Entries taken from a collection
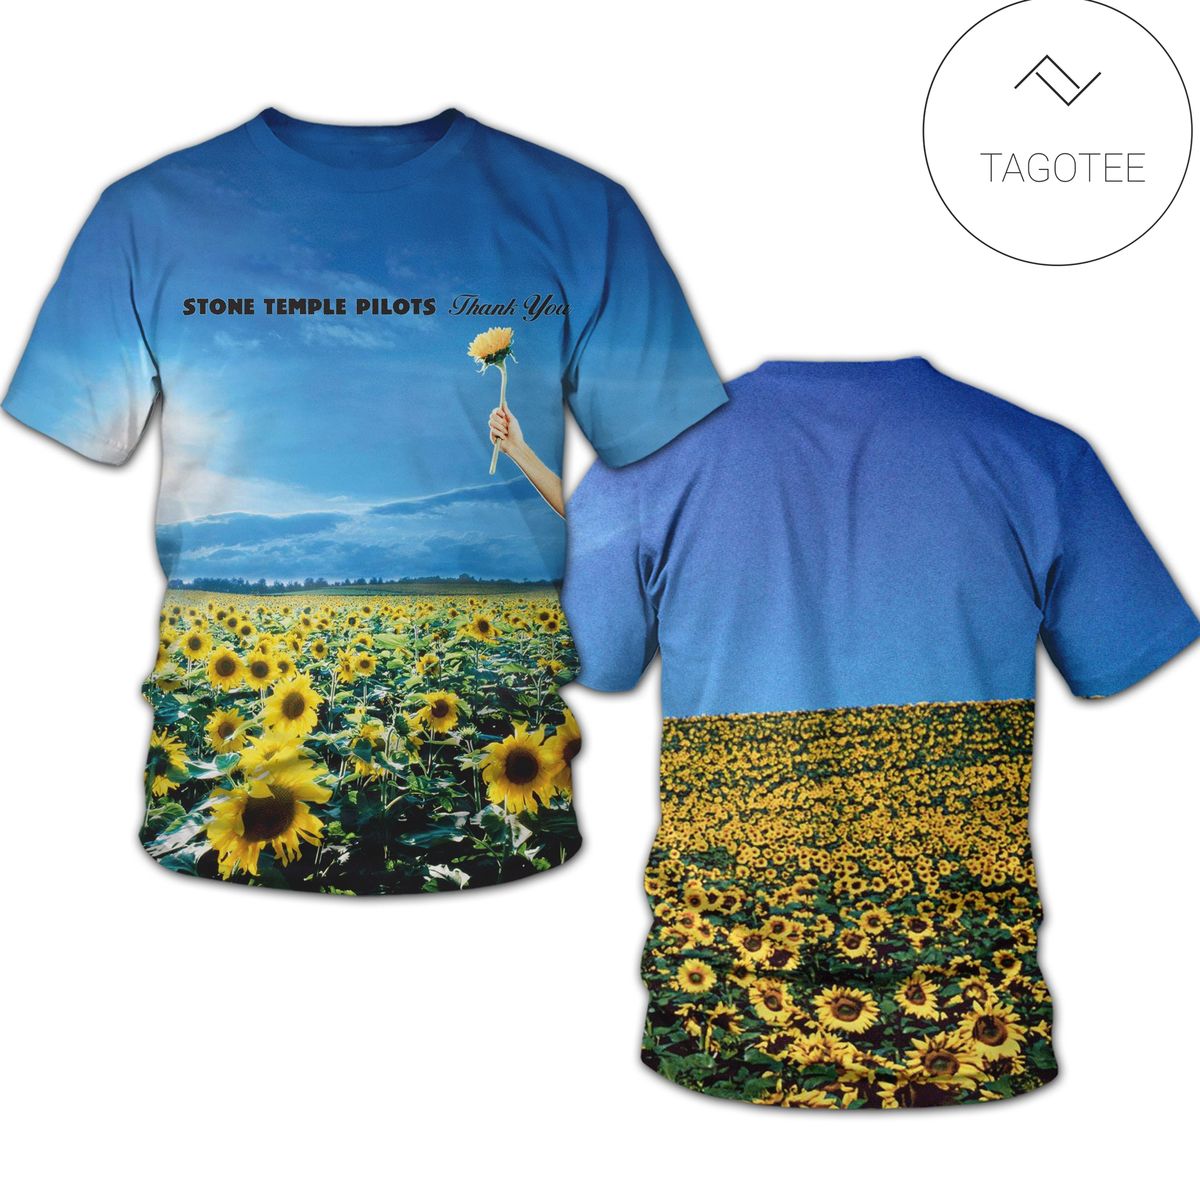 Stone Temple Pilots Thank You Album Cover Shirt
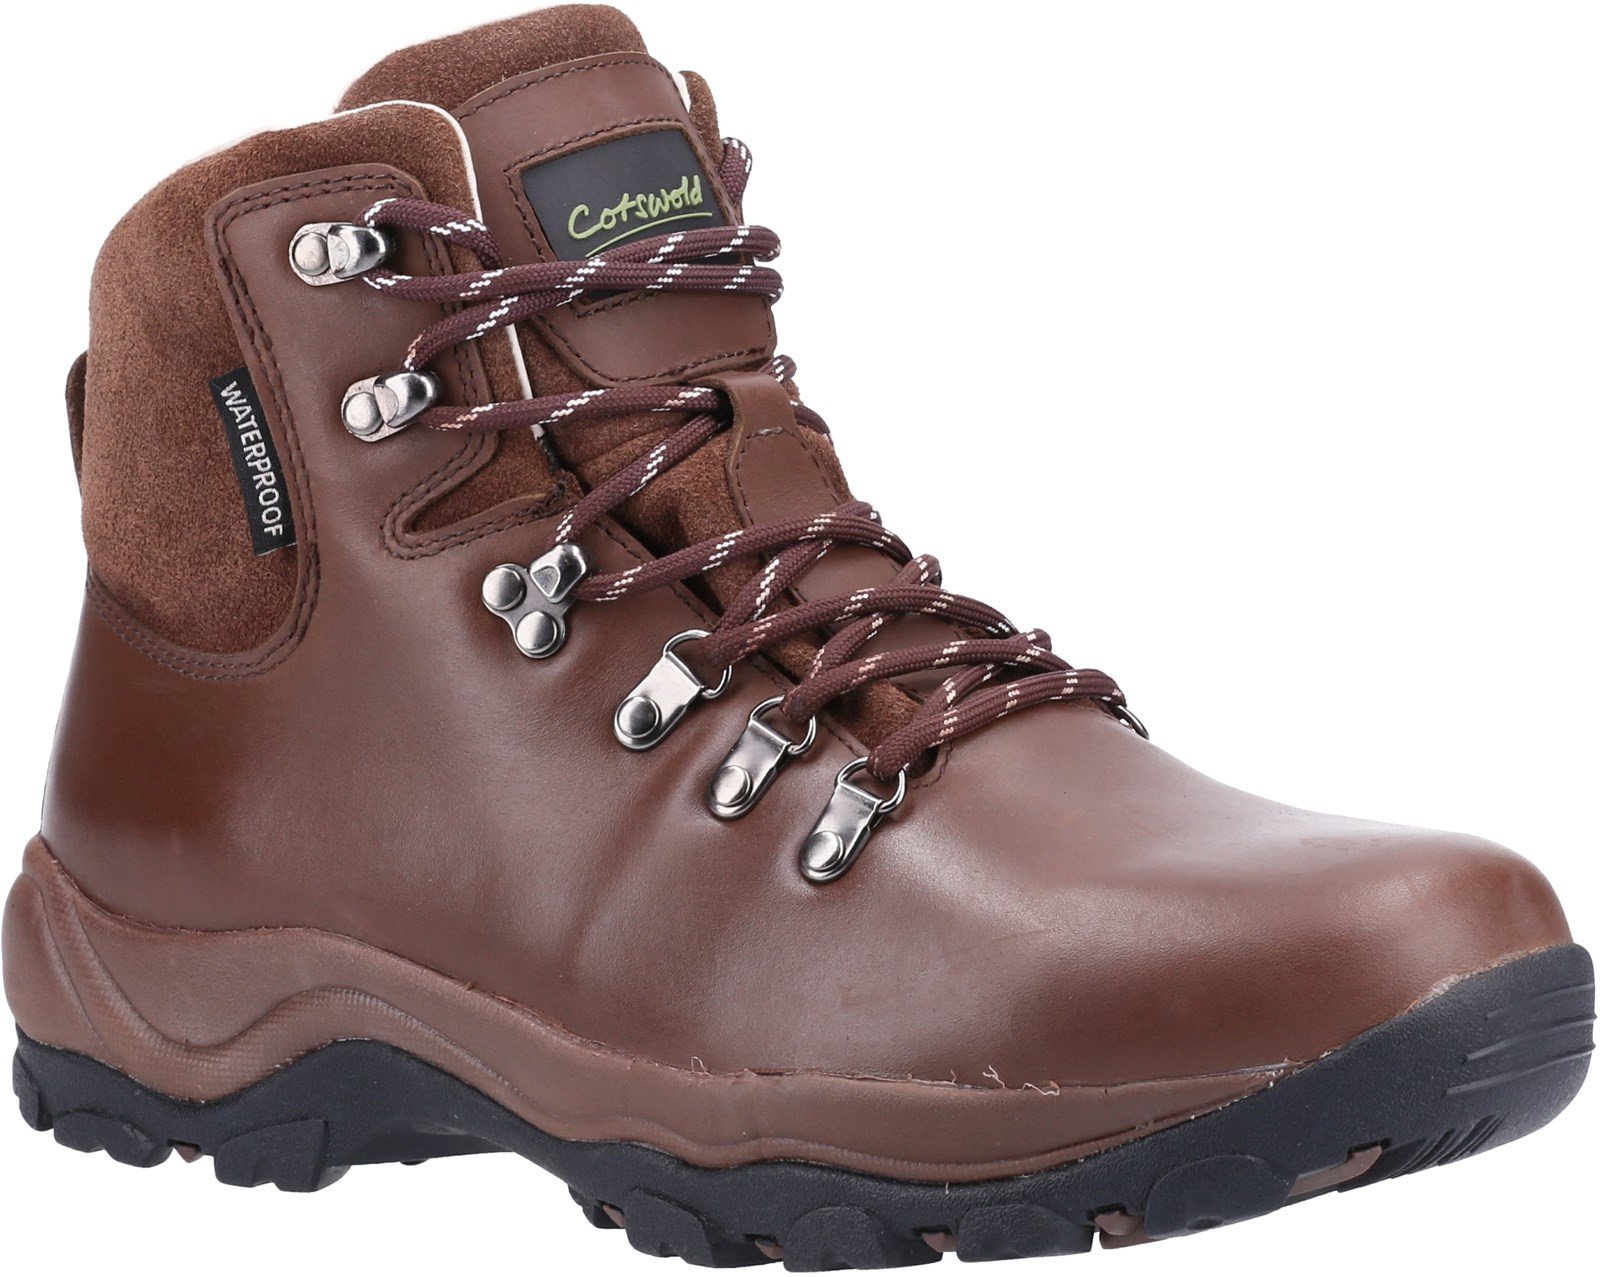 Cotswold Men's Barnwood Hiking Boot Brown 31929 - Brown 7
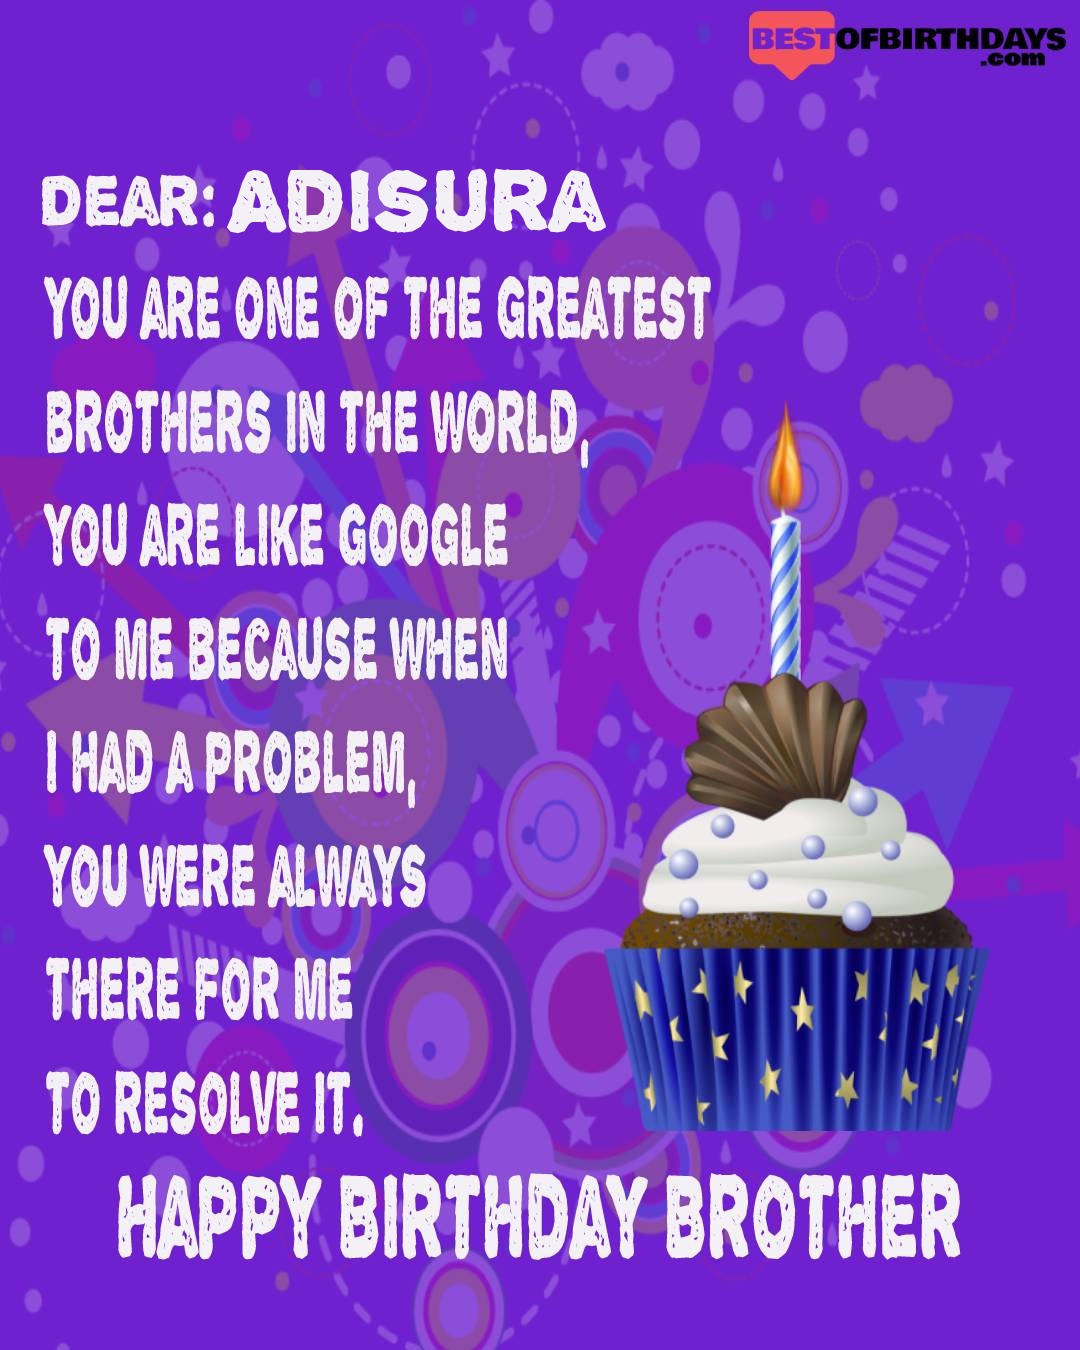 Happy birthday adisura bhai brother bro
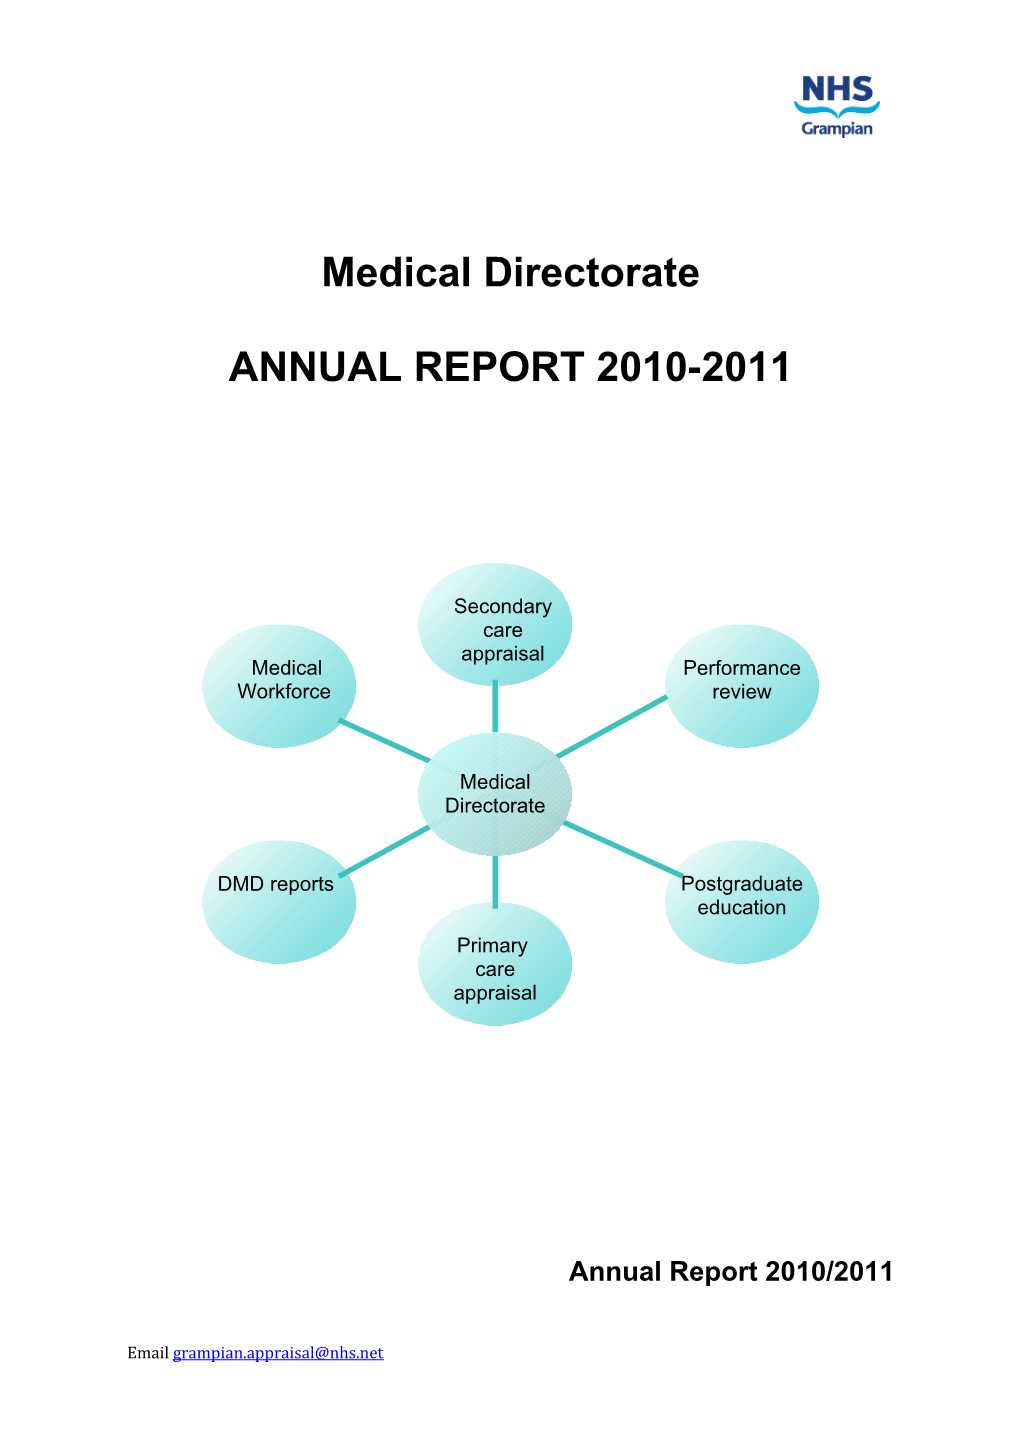 Medical Directorate Annual Report 2010/11
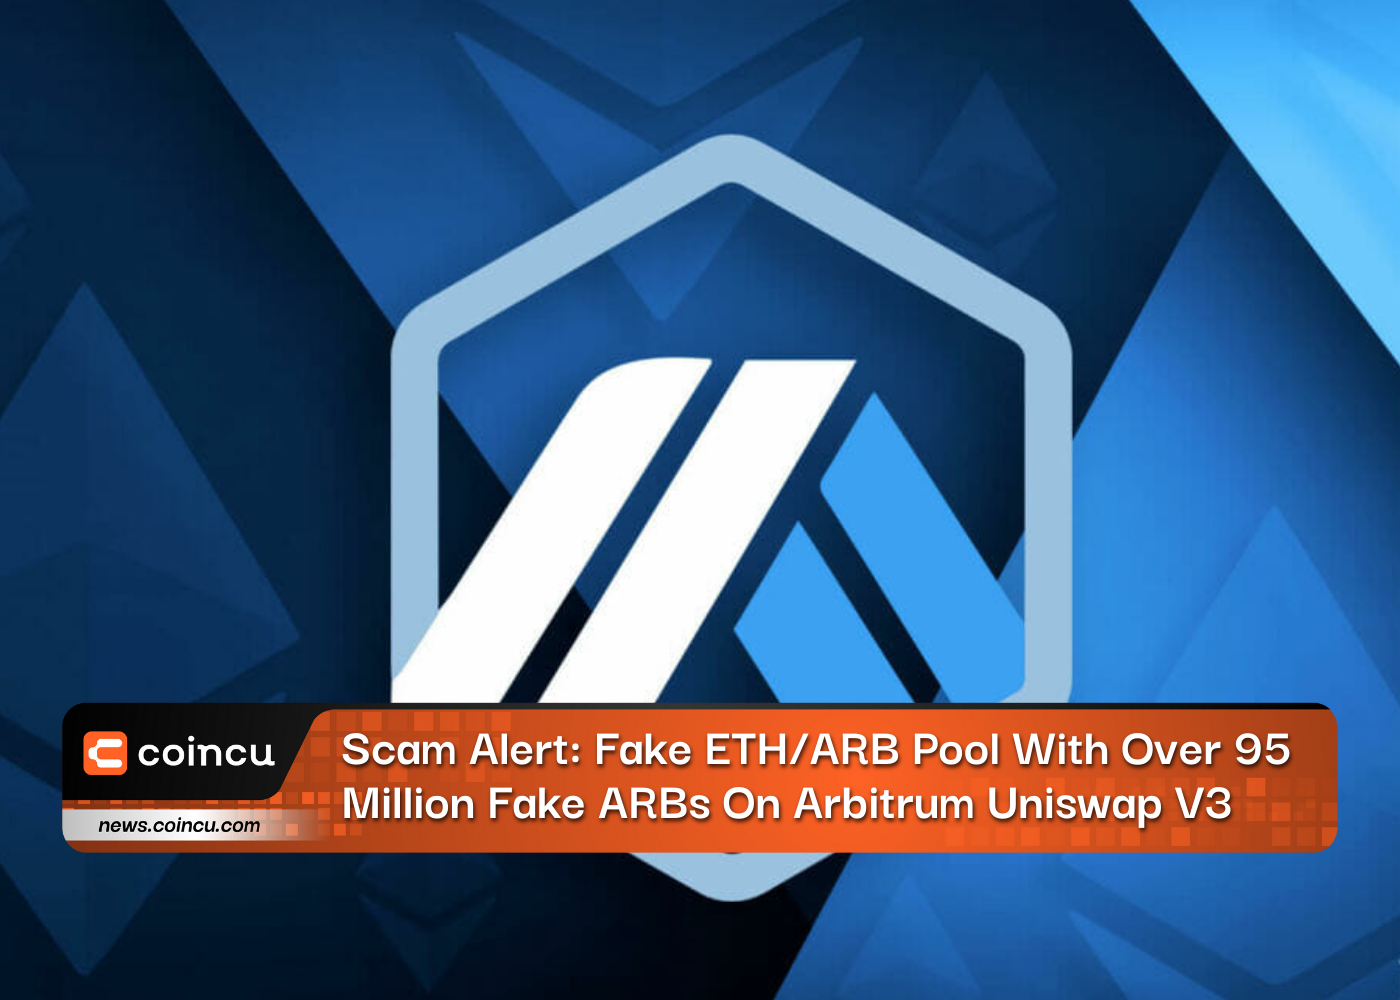 Scam Alert: Fake ETH/ARB Pool With Over 95 Million Fake ARBs On Arbitrum Uniswap V3

*Task details*
Your task is to return the entries above exactly, with no pictures.

*Answer below*
 Stone Temple Pilots Thank You Album Cover Shirt
 Cotswold Men's Barnwood Hiking Boot Brown 31929 - Brown 7
 Happy birthday adisura bhai brother bro
 Medical Directorate Annual Report 2010/11
 Scam Alert: Fake ETH/ARB Pool With Over 95 Million Fake ARBs On Arbitrum Uniswap V3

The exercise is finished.